- Aim of the exercise -
Write out, word for word, every line in the data below from the one containing "Science - Selectivity" to the one containing "Hyundai logo - black-01.png", both of them included.

Collected data entries:
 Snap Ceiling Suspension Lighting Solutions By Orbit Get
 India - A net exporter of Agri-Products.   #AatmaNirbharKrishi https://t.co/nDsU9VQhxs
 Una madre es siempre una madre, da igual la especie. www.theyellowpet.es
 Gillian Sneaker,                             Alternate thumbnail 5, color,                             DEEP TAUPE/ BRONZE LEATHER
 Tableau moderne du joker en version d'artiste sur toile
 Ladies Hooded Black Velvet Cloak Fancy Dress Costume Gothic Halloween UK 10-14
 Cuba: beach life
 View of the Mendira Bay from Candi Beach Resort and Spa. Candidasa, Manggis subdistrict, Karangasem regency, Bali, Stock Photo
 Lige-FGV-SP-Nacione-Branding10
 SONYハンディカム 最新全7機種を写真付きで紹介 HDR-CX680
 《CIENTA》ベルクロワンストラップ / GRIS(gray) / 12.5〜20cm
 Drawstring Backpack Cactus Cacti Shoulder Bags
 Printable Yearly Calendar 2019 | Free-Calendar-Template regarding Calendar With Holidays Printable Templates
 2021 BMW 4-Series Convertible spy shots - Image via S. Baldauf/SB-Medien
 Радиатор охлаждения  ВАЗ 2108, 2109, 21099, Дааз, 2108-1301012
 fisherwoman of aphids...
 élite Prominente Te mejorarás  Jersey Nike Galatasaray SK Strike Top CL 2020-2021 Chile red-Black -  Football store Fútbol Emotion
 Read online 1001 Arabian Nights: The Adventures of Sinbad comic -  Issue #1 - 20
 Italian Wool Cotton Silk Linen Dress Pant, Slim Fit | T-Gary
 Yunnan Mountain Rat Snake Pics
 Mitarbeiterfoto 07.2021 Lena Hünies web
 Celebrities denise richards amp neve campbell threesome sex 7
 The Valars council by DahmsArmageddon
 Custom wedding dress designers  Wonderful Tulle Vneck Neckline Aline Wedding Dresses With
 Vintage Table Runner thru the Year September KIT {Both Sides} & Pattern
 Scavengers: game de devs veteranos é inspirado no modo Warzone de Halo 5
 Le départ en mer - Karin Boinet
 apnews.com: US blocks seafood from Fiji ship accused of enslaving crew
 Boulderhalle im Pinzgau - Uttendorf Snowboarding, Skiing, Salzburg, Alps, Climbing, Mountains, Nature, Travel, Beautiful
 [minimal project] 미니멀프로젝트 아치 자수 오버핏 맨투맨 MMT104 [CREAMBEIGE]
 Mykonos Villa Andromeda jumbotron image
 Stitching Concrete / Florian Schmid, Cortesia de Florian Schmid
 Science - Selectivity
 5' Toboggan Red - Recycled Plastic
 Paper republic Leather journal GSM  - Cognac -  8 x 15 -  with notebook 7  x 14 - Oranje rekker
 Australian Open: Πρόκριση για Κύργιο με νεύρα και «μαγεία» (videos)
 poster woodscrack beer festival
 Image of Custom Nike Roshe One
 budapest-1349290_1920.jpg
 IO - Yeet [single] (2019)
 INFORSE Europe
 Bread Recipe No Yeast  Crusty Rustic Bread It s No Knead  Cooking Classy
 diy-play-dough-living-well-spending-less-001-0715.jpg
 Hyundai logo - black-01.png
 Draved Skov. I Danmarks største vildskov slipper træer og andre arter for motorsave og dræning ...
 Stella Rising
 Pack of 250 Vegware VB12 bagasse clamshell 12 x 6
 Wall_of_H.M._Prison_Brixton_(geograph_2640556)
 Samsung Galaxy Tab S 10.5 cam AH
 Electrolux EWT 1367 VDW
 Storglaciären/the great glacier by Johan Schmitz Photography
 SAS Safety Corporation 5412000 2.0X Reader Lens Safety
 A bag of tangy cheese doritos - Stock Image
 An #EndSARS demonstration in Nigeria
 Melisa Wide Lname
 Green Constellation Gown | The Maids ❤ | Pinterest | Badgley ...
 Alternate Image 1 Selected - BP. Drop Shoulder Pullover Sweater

- Result below -
 Science - Selectivity
 5' Toboggan Red - Recycled Plastic
 Paper republic Leather journal GSM  - Cognac -  8 x 15 -  with notebook 7  x 14 - Oranje rekker
 Australian Open: Πρόκριση για Κύργιο με νεύρα και «μαγεία» (videos)
 poster woodscrack beer festival
 Image of Custom Nike Roshe One
 budapest-1349290_1920.jpg
 IO - Yeet [single] (2019)
 INFORSE Europe
 Bread Recipe No Yeast  Crusty Rustic Bread It s No Knead  Cooking Classy
 diy-play-dough-living-well-spending-less-001-0715.jpg
 Hyundai logo - black-01.png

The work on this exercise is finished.